Ein selbst gemachtes Windrad bringt Farbe auf den Balkon, in den Garten oder ins Kita-Fenster und ist mit wenig Material schnell fertig. Ich zeige eine einfache Papier-Variante, erkläre jeden Schritt, vergleiche geeignete Materialien und gebe Tipps, damit sich die Flügel wirklich drehen und kleine Kinder sicher mitmachen können.
Die wichtigsten Schritte für ein funktionierendes Papierwindrad
- 15 x 15 cm Papier ist eine gute Größe für den Anfang.
- Die Diagonalen nur bis etwa 2 cm vor die Mitte einschneiden.
- Jede zweite Ecke wird zur Mitte gefaltet.
- Eine Musterbeutelklammer hält die Flügel beweglich zusammen.
- Für Kinder unter 5 Jahren sollten Schneiden, Lochen und Befestigen von Erwachsenen begleitet werden.

Windrad basteln mit Kindern gelingt in wenigen Schritten
Für die einfache Variante brauche ich ein quadratisches Blatt Papier, eine Schere, Lineal, Bleistift, eine Musterbeutelklammer und einen Trinkhalm oder Holzstab als Griff. Zusätzlich helfen ein kleiner Knopf oder eine Perle als Abstandshalter. Das Material kostet meist nur wenige Cent pro Windrad, besonders wenn Papierreste vorhanden sind.
- ein Papierquadrat mit etwa 15 x 15 cm
- Schere und Lineal
- Bleistift
- eine Musterbeutelklammer oder Rundkopfklammer
- Trinkhalm, Holzstab oder Schaschlikstab
- optional eine Perle, ein Knopf oder ein kleines Stück Strohhalm
Für jüngere Kinder schneide ich das Quadrat und die Diagonalen vor. Das Kind kann anschließend Farben auswählen, Muster malen und die Ecken zur Mitte legen. So bleibt die Bastelidee selbstbestimmt, ohne dass eine scharfe Schere oder eine Nadel zur Gefahr wird.
Das Papier richtig vorbereiten
Leichtes Bastelpapier mit ungefähr 80 bis 120 g/m² lässt sich besonders gut falten und dreht sich schon bei wenig Luft.

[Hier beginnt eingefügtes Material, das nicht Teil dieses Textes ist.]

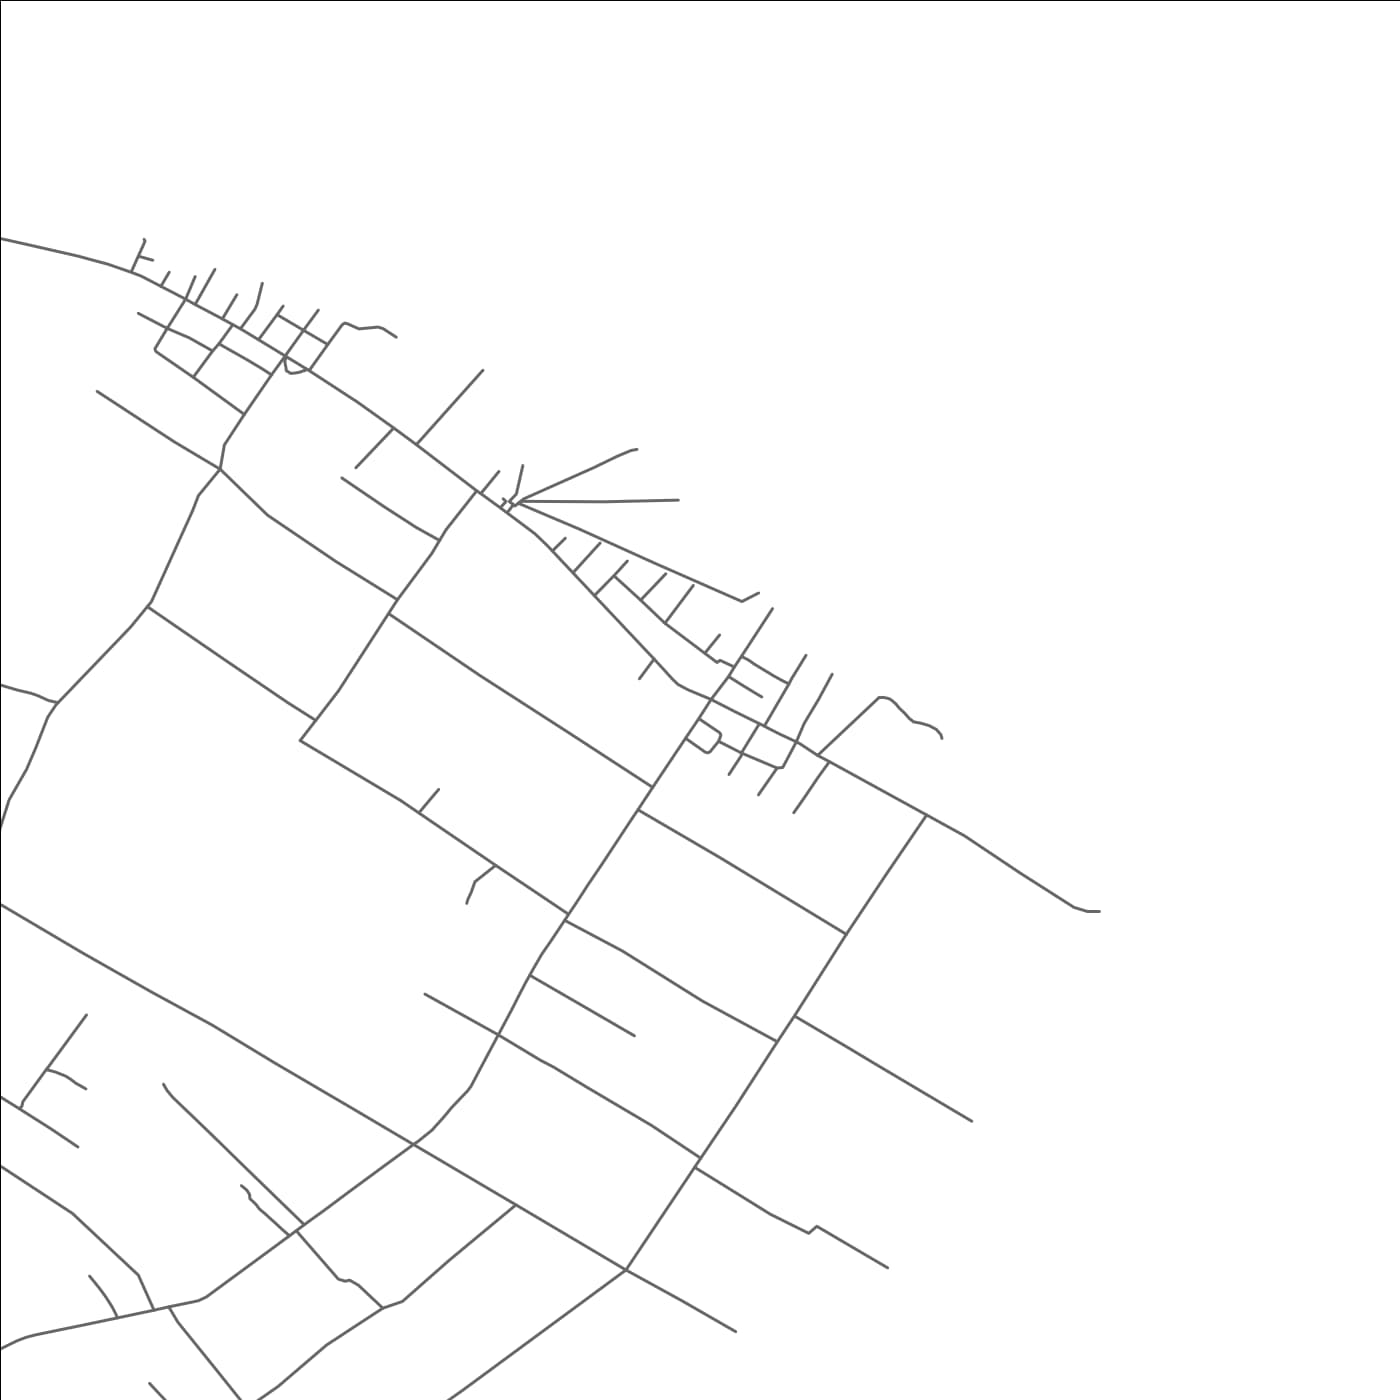 ROAD MAP OF NIUTOUA, TONGA BY MAPBAKES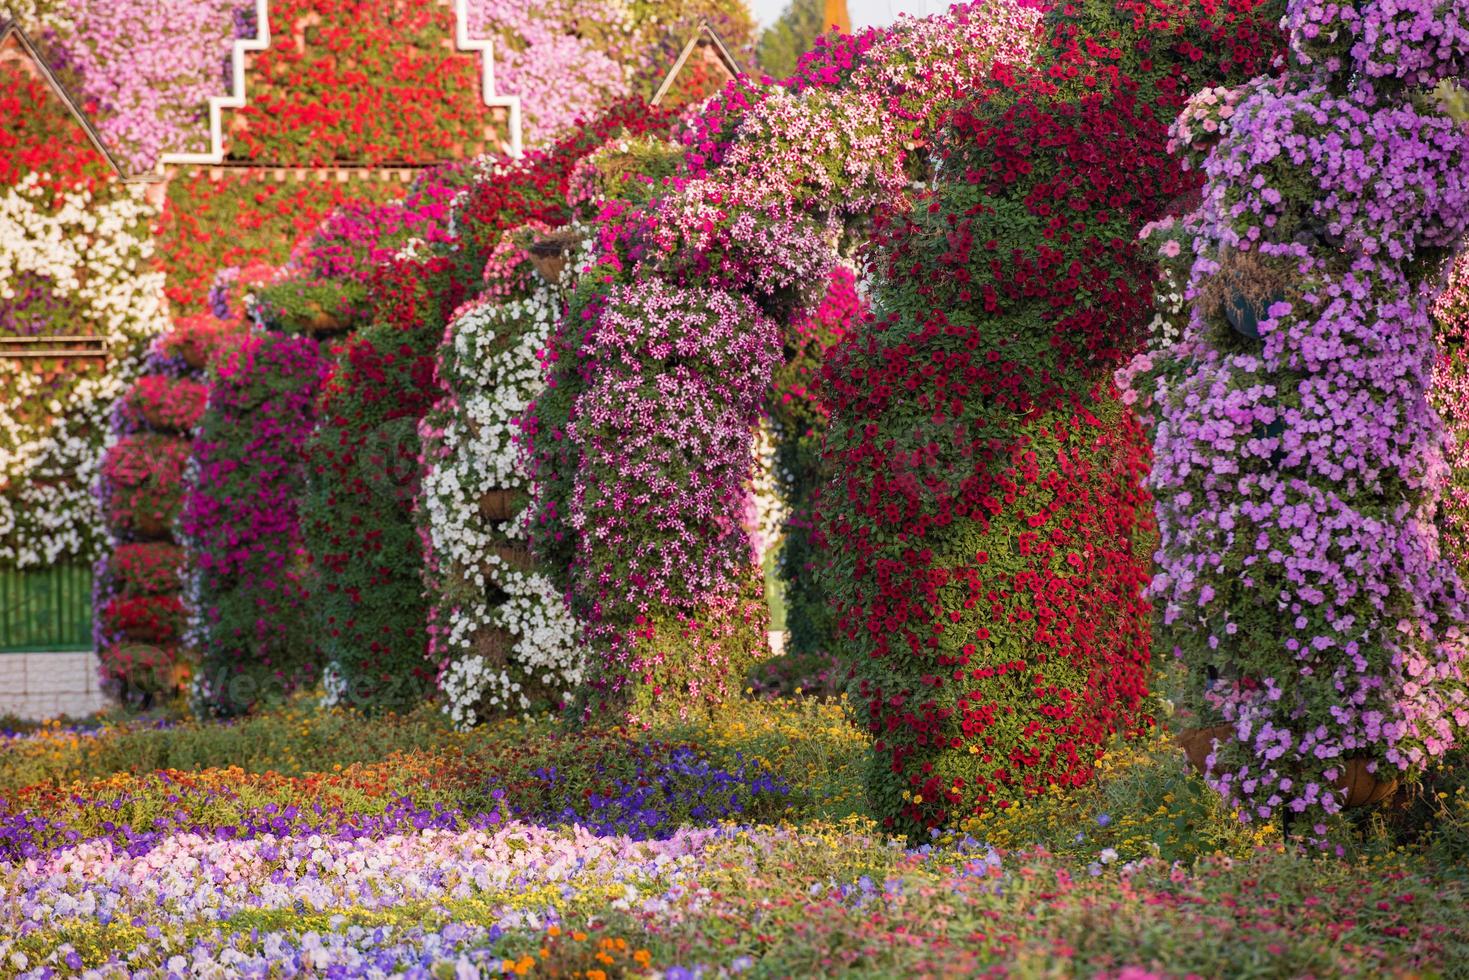 Dubai Wundergarten foto

Sehr dünnes Druckerpapier funktioniert ebenfalls, ist aber empfindlicher. Tonpapier hält länger, braucht wegen seines höheren Gewichts jedoch etwas mehr Wind.
Ich empfehle, beide Seiten zu gestalten, bevor geschnitten wird. Kräftige Farben, Punkte und breite Streifen sind nicht nur hübsch, sondern machen die Drehung sichtbar. Kleine Kinder erkennen dadurch sofort, dass sich die Flügel bewegen und nicht einfach nur flattern.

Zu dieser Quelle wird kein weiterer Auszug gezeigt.